= What needs to be done =
Return exactly the span of lines in the following data that opens with the line containing "BALENCIAGA Белая хлопковая рубашка, фото 1" and closes with the line containing "[Xbox - Revolution Human 360] Ex: Deus". Include nothing else.

= Given records =
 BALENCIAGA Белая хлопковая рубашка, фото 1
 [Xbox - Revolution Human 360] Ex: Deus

* * *

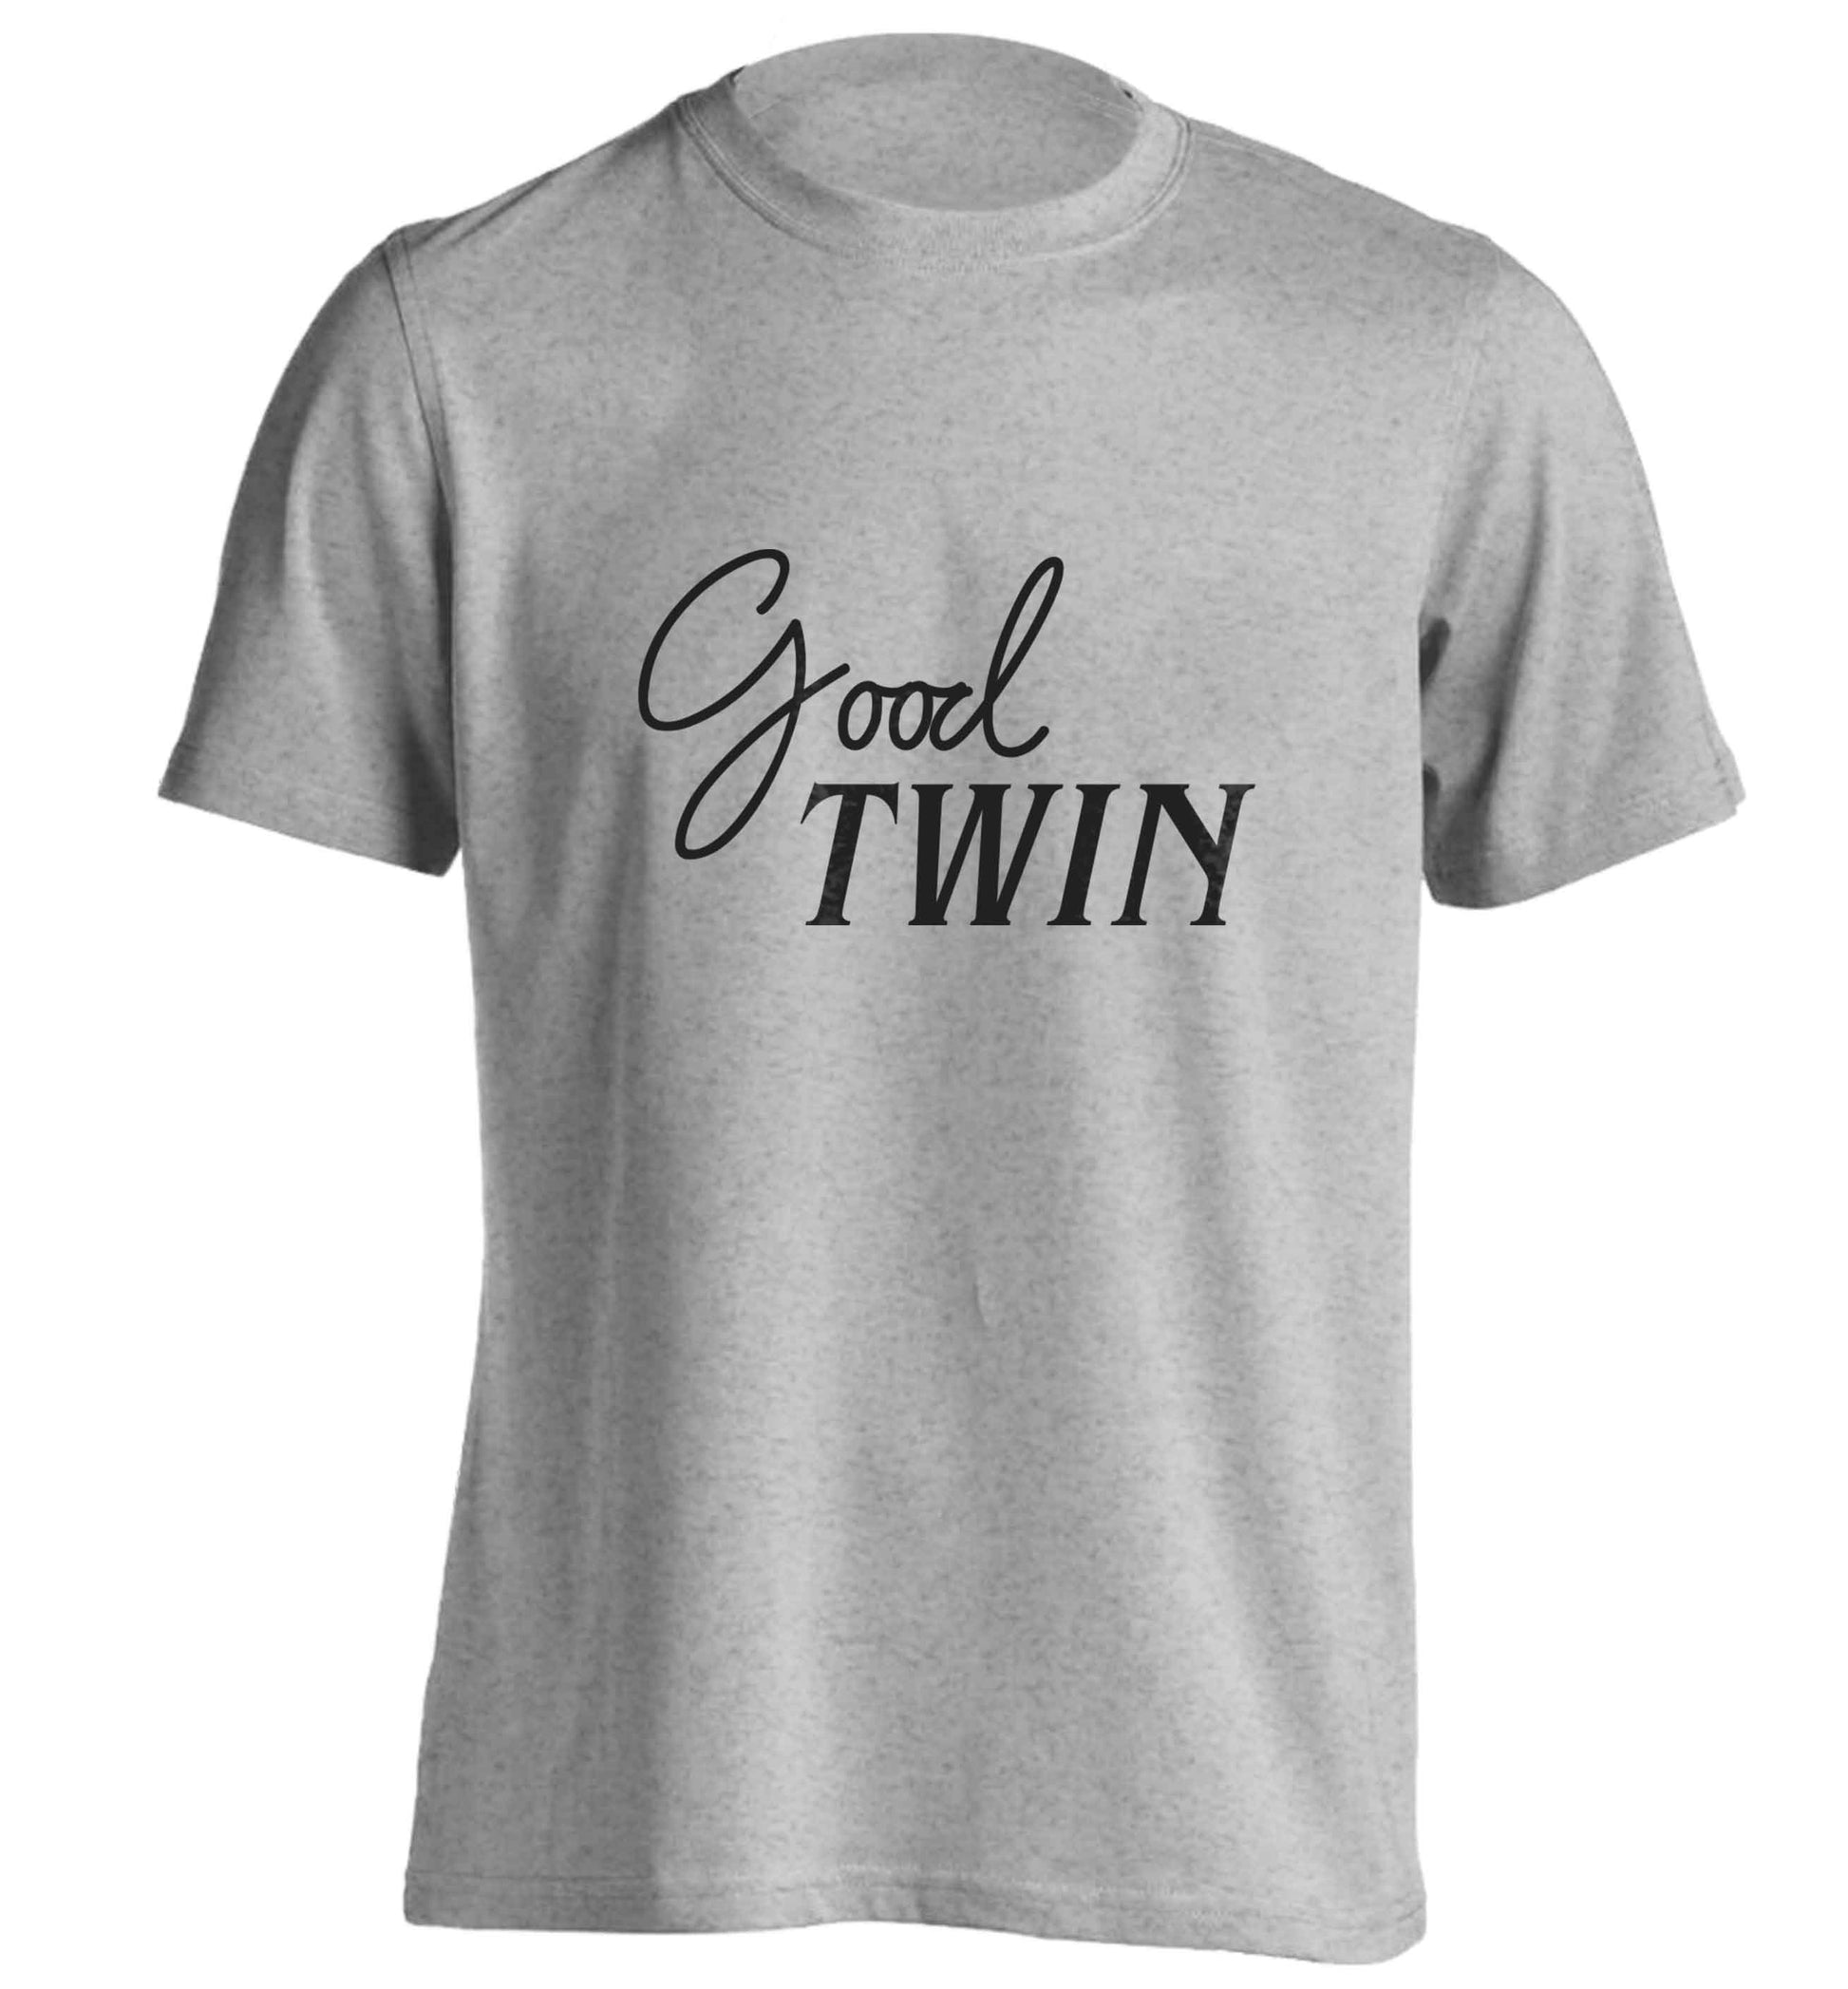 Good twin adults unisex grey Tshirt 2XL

= Response to the exercise =
 BALENCIAGA Белая хлопковая рубашка, фото 1
 [Xbox - Revolution Human 360] Ex: Deus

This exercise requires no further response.